Ahora, qué futuro puede ser peor que el que están viviendo los griegos actualmente y del que le pretenden diseñar desde Europa con semejantes condiciones impuestas? La disyuntiva que el pueblo griego se debate está fuertemente fogoneada por la postura apocalíptica que presentan los medios hegemónicos en caso de que decidiesen no aceptar estas condiciones.

El mismo premio Nóbel de economía Joseph Stiglitz ha dicho “las condiciones impuestas a Grecia son indignantes”, recordando el éxito del caso argentino al abrirse del sistema financiero internacional y encarar políticas neokeynesianas.

La recesión que esta viviendo la economía griega pretende ser alimentada con más recortes y ajustes, y lo que es peor, haciendo eje sobre los sectores más vulnerables. Lo cierto es que este diálogo entablado entre Grecia y Europa, ya no puede denominarse una negociación entre socios de un espacio comunitario, teniendo en cuenta que las condiciones para continuar suponen una humillación del pueblo griego y más sacrificios.
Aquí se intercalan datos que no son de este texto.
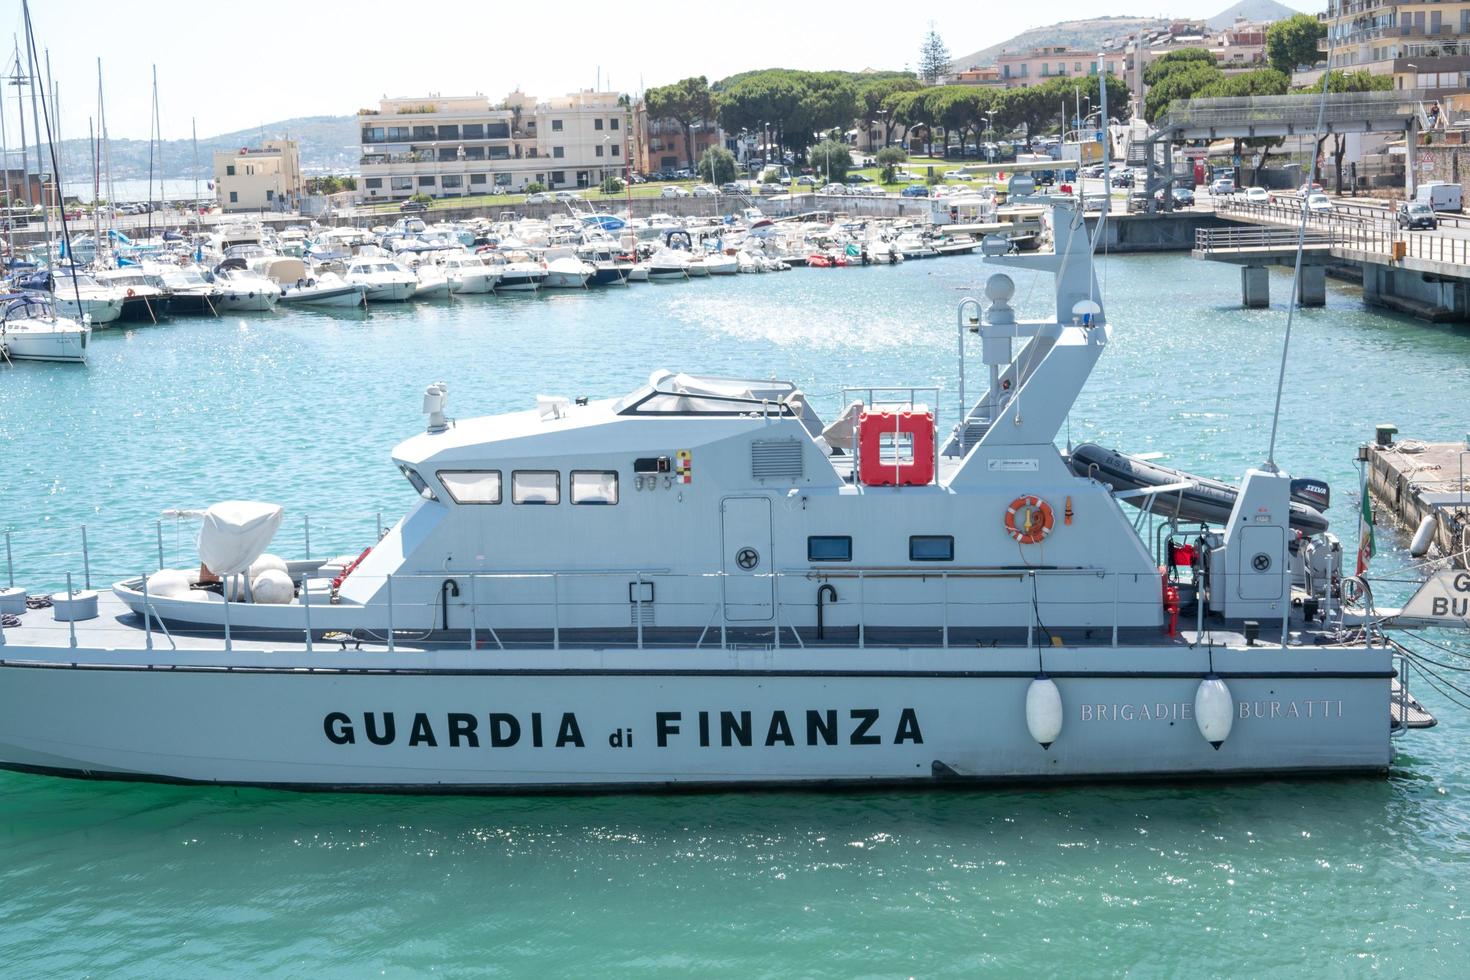 formia, italia, 15 de julio de 2021 - barco patrullero de la guardia financiera italiana foto

El referéndum del próximo domingo, en este contexto es una muestra de la conciencia política acerca de esta situación por parte del gobierno griego y también el inicio de un nuevo camino, si es que la conciencia popular acompaña con su voto. De darse este resultado, es probable que otros países de zona que también se encuentran golpeados por la crisis, empiecen a replantearse seriamente este modelo que domina el pensamiento europeo.-

Lo cierto es que la situación griega podría haber sido una oportunidad para la Unión, en vez de una amenaza a la desintegración como hoy suponen. La posibilidad de enfocar el problema económico que esta viviendo la Unión Europea desde una perspectiva integral y no segregacionista, como lo esta planteando el enfoque hegemónico europeo en la negociación con Grecia, hubiera sido una verdadera posibilidad de abrir un nuevo capitulo en la historia económica occidental.

La debacle griega es una evidencia mas, dentro del propio corazón del sistema capitalista, de una crisis mas profunda y de las paradojas que presenta este modo de producción; que ha entrado en jaque, fagocitado por el propio desenvolvimiento del capital especulativo. Es un llamado activo a la conciencia para reelaborar conceptos, modelos y alternativas de crecimiento y desarrollo económico que se presentan a nivel global.

Sin embargo, la ceguera en Europa es evidente al reforzar su actitud disciplinante. Grecia ha intentado ofrecer una solución desde la perspectiva de la integración a la crisis instando a un cambio de enfoque. Claro está que nadie ha tomado en serio la propuesta Griega y la única alternativa posible que le queda al pueblo griego es buscar una solución autonómica.

Por suerte, hoy sabemos por experiencia propia, que seguramente los griegos no estarán dando un salto al vacío con la decisión que tomen éste domingo, si es que deciden no aceptar las condiciones que les impone Europa para delinear su futuro.